BEGIN Provided data
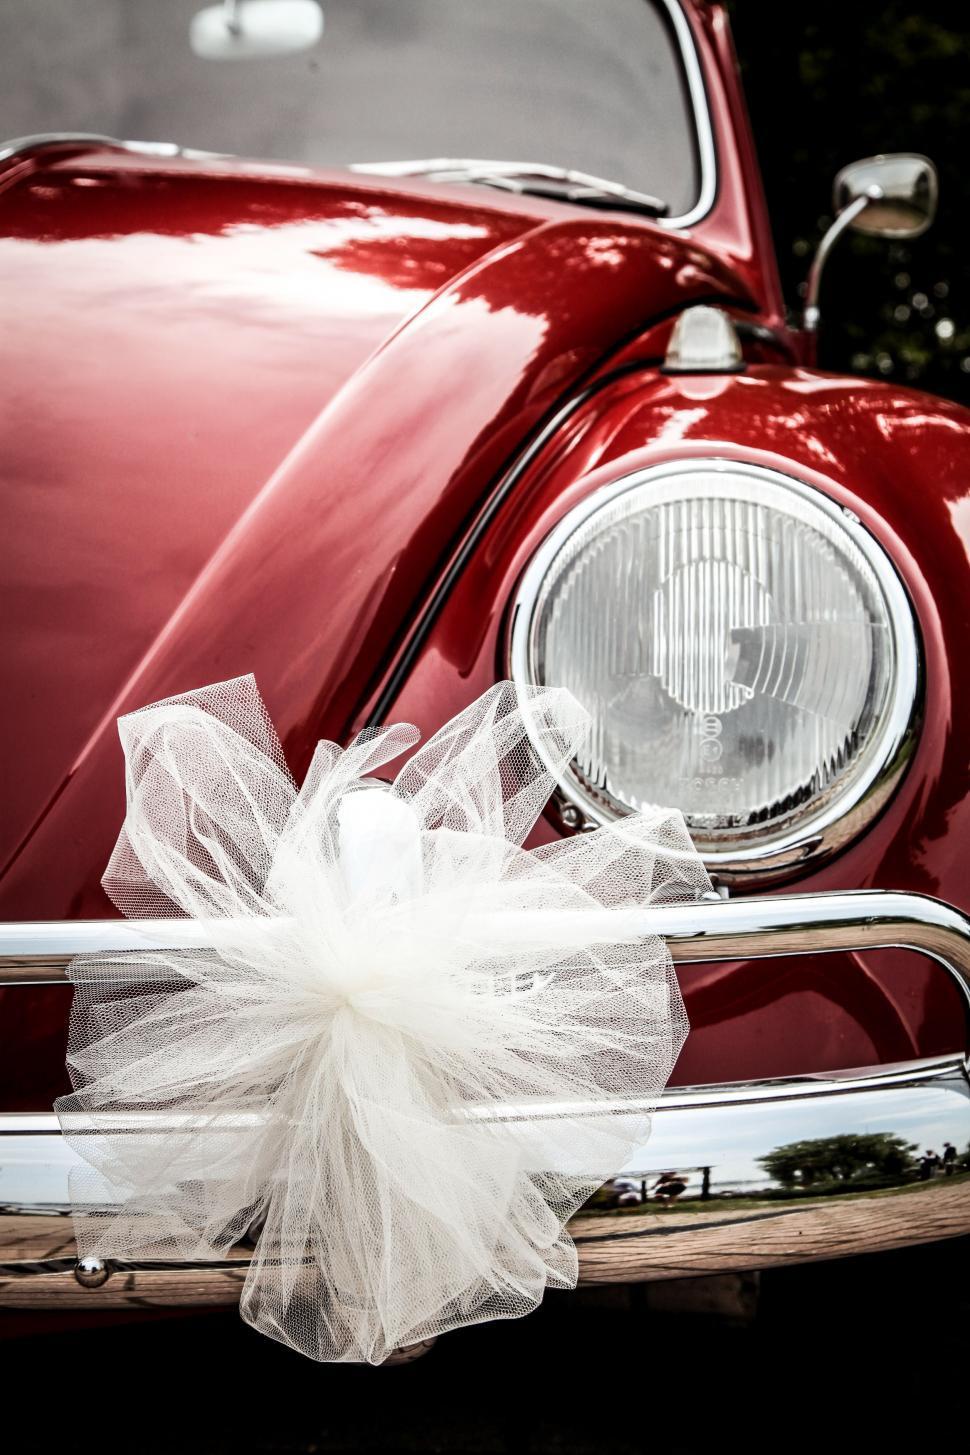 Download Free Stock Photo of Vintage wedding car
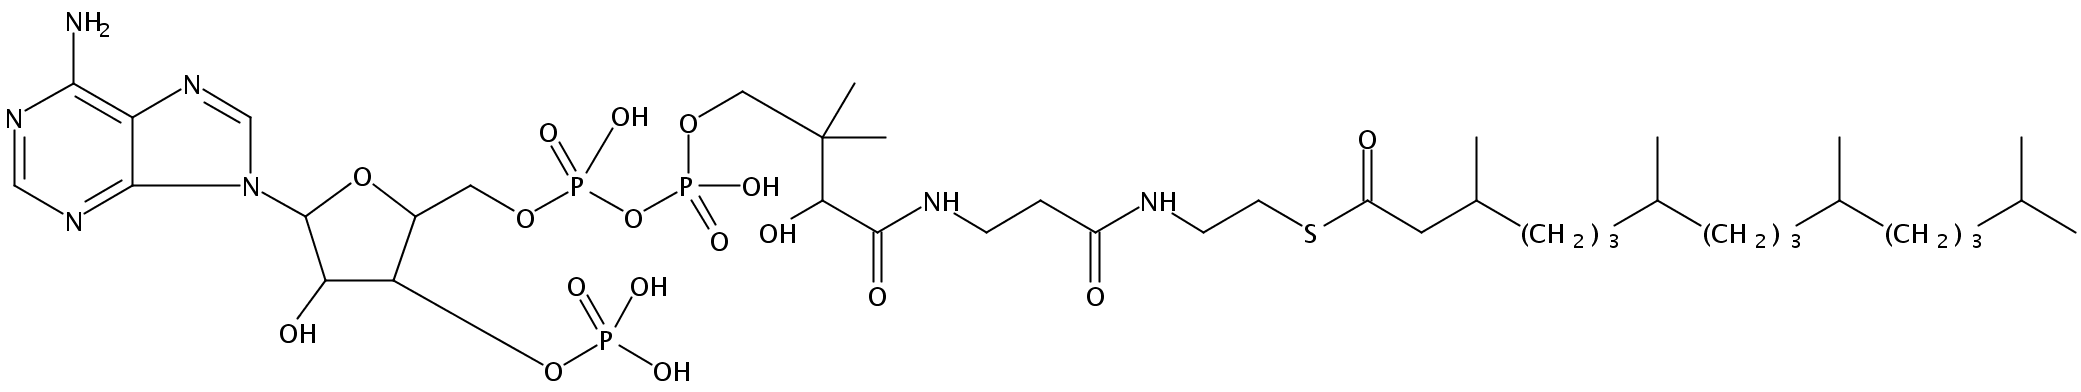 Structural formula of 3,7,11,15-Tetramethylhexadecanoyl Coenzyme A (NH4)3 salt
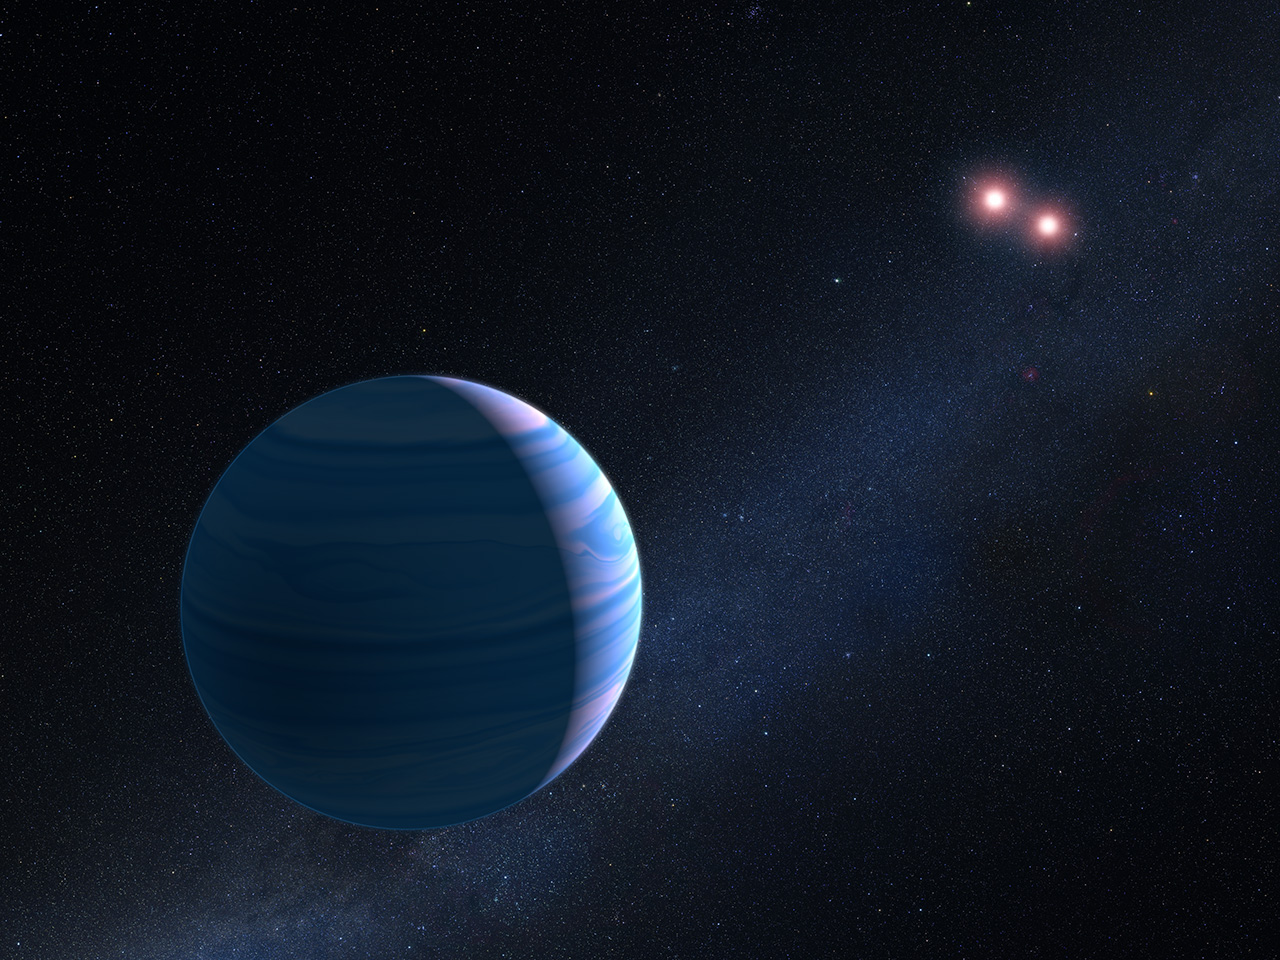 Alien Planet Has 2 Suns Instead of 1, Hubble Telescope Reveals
END Provided data
What is needed is the listing above, repeated verbatim, without its images.

 Download Free Stock Photo of Vintage wedding car
 Structural formula of 3,7,11,15-Tetramethylhexadecanoyl Coenzyme A (NH4)3 salt
 Alien Planet Has 2 Suns Instead of 1, Hubble Telescope Reveals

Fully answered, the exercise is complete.